Regions with significant populations
- Santiago · Iquique

Religions
- Sikhism

Languages
- Chilean Spanish • Andean Spanish • Punjabi • Hindi • Urdu

Website
- https://sikh.cl/ (Sikh Dharma Chile)

= Sikhism in Chile =

Sikhs in Chile are a religious minority in Chile. There is no demographic data on the Sikh population living in the country but it is estimated to be less than 1,000.

== History ==
The arrival of Sikhs in Chile largely started in the early 1900s to work on the railway lines to connect to Bolivia. Due to the Anti-Asian immigration policy within North America in the early 20th century, most Sikhs arrived in Chile before moving onto Argentina.
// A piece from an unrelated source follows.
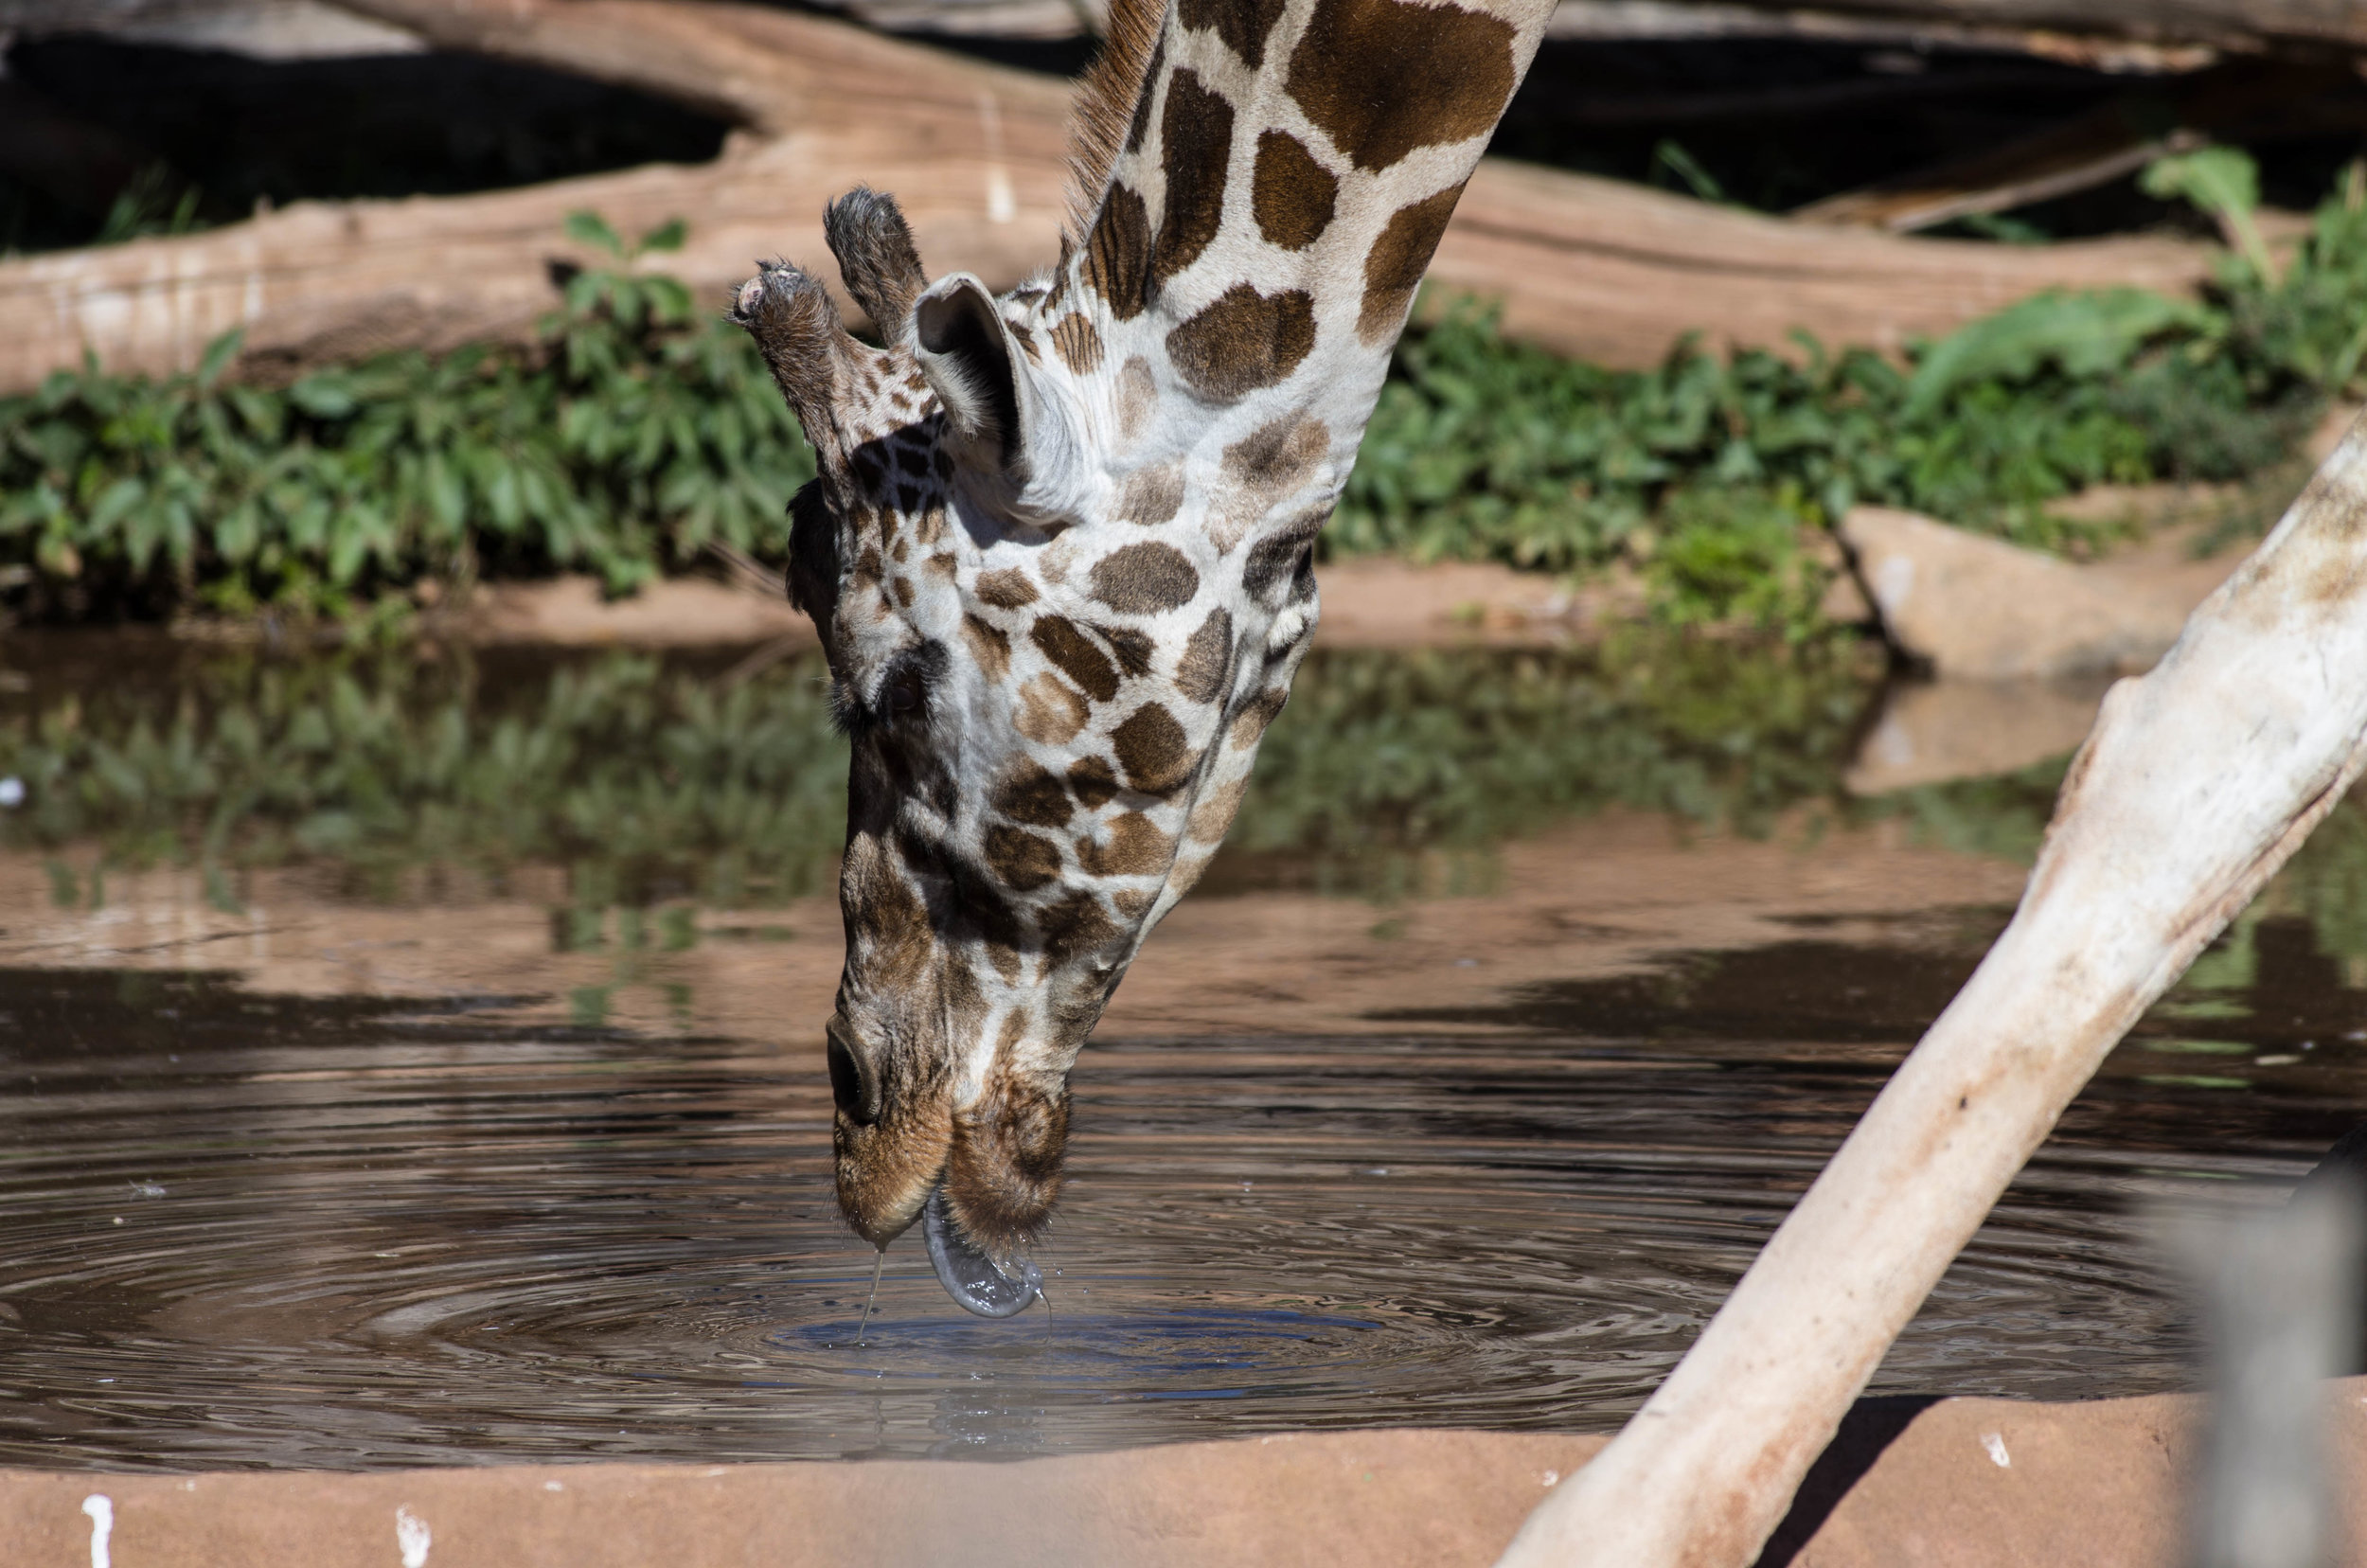 giraffe sipping
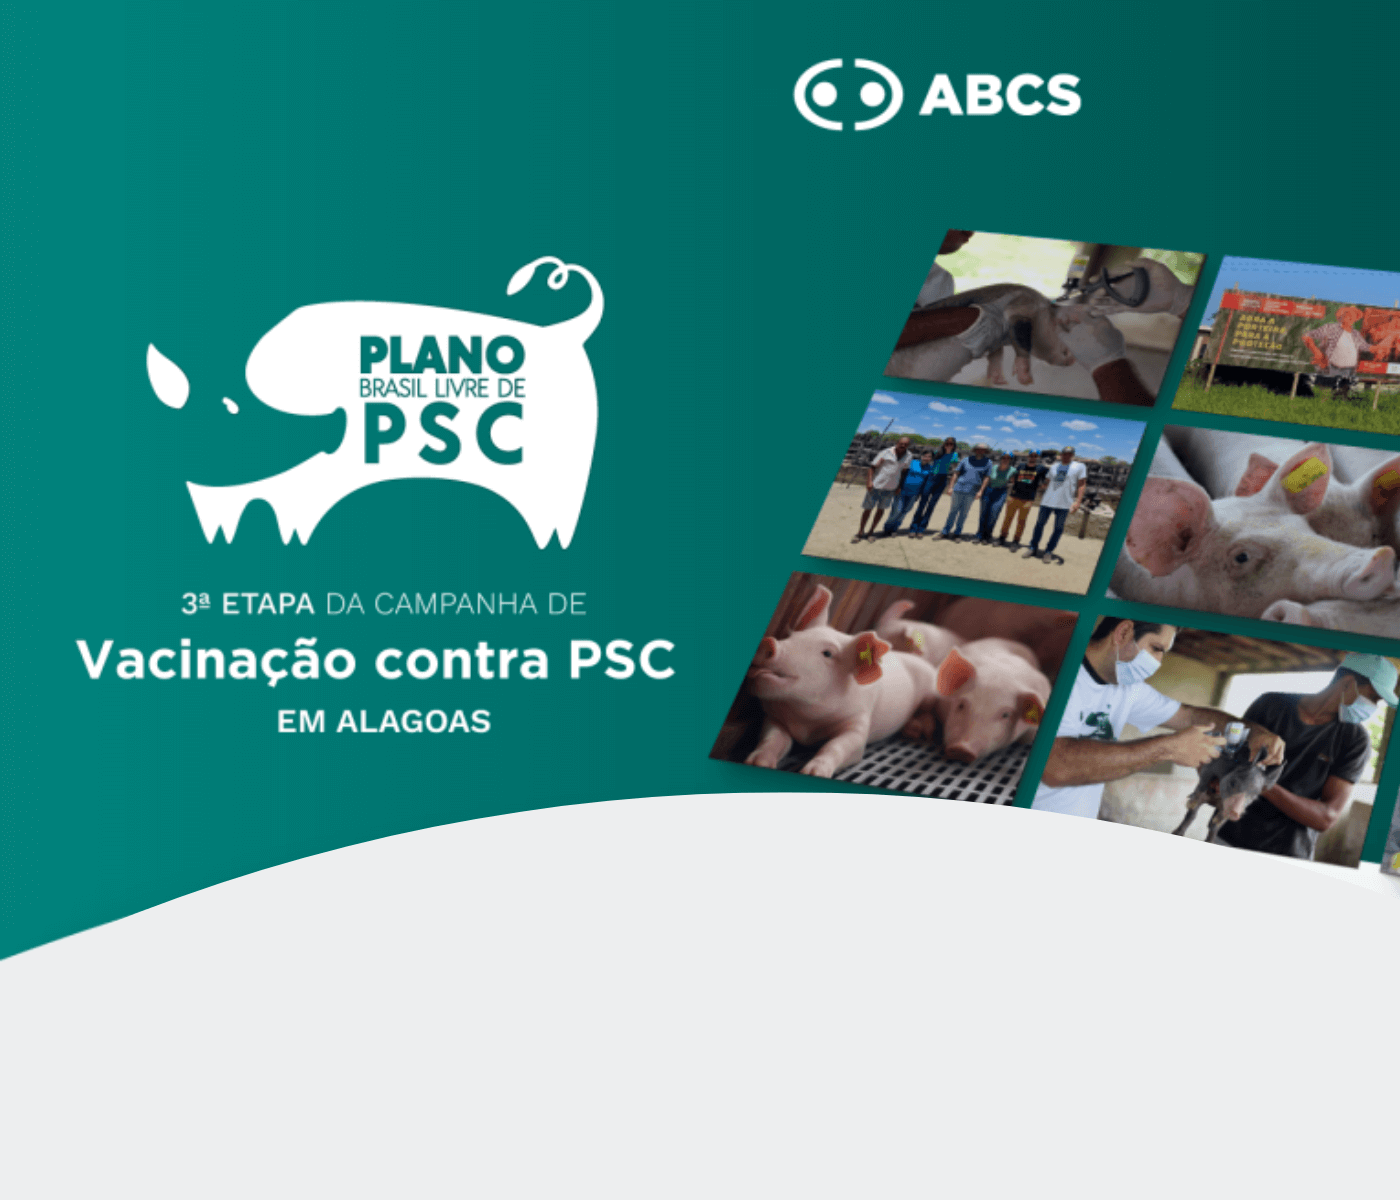 A Campanha de Vacinação Contra PSC em Alagoas finaliza a 3ª etapa com excelentes resultados, vacinando mais de 116 mil suínos

Yogi Bhajan introduced Sikhism at a larger scale to Chile in the late 20th century. This was particularly done through Kundalini yoga, which was popular in the 1960s.

In 2010, a Chilean documentary was released called "Sikh en Santiago". This was based upon the troubles facing a turbaned Sikh man in Santiago due to his appearance and Sikh faith.

== Religious recognition ==
In 2016, Sikhism (recognised as Sikh Dharma) was officially legally recognised as a religion in Chile, making it the first to do so in South America. Following recognition, Sikhs will also be allowed to wear the Kirpan, pursue other religious projects and receive donations.

== Gurdwara ==
There are currently two Gurdwaras in Chile in Iquique and Viña del Mar.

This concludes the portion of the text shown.